One of Ron Weasley’s defining characteristics is the fact that his family is kind of poor, and that makes absolutely no sense. Economic inequality should not be a thing in this universe!!!!!!!!!! Why is Ron forced to walk around in beat up hand me downs when he lives in a world where most people can make anything they want by pointing a piece of wood at it? If Professor McGonagall can turn herself into a cat, surely Ron’s parents can turn his sweater into a less shitty sweater. For Christ’s sake, Hermione fixed Harry’s broken glasses when she was a damn first year!

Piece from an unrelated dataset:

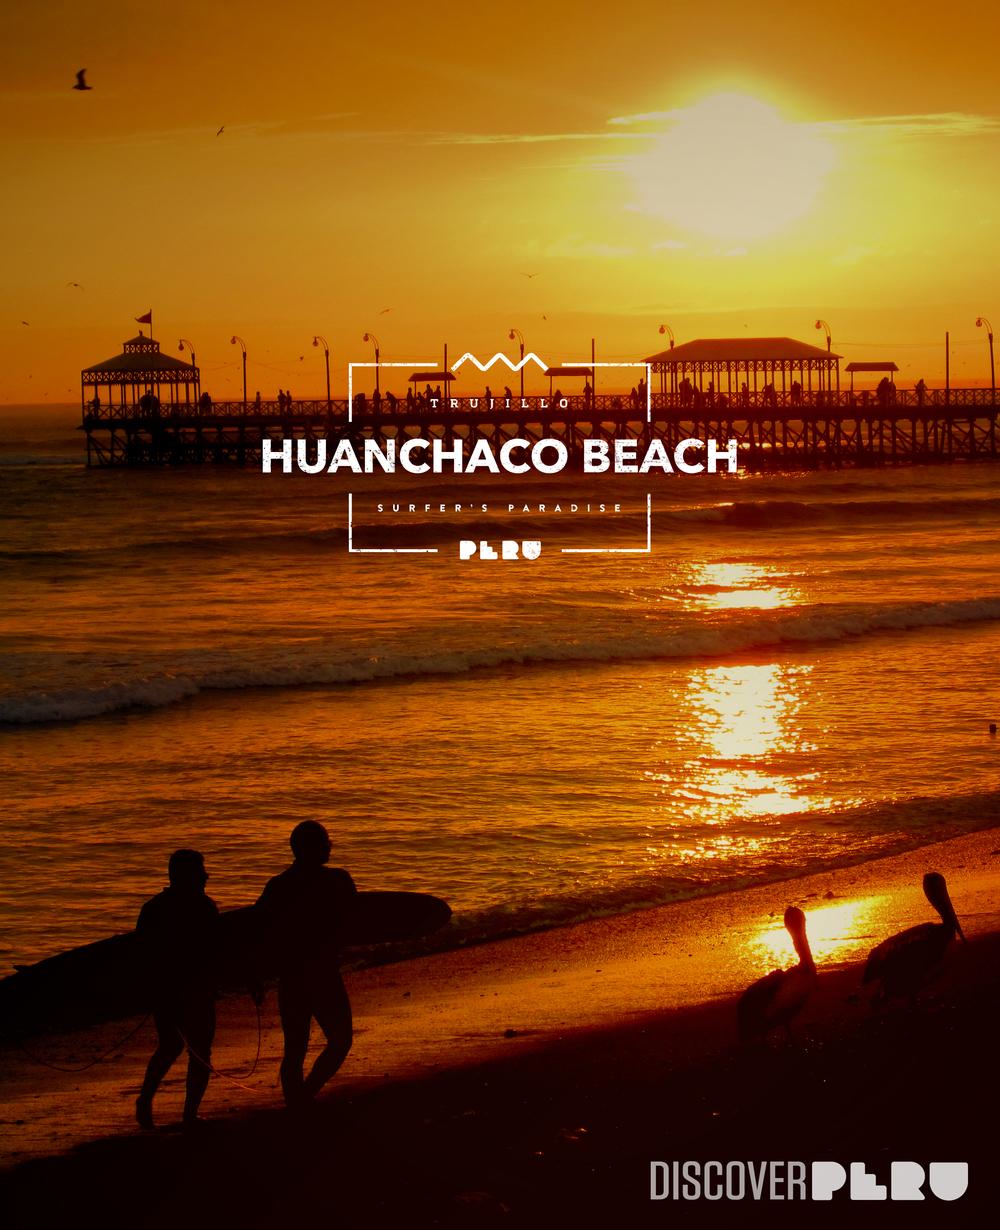 HuanchacoBeach.jpg

Maybe the Weasley’s will never be as rich as the Malfoys, but their quality of life should be significantly better than it appears to be in the book.



J.K. Rowling famously stated that wizards practice all sorts of real world religions, and it’s like how. What the fuck wizard is practicing Christianity? I was raised Catholic and I can tell you that a lot of it was rooted in the idea that Jesus performed miracles that were nowhere near as impressive as what your average first year at Hogwarts could do. Imagine going up to a goddamn wizard and telling them that they should worship someone because they turned water into wine? They’d laugh in your face. I can understand wizards creating their own religions but the fact that they’re practicing our boring real world religions makes no sense.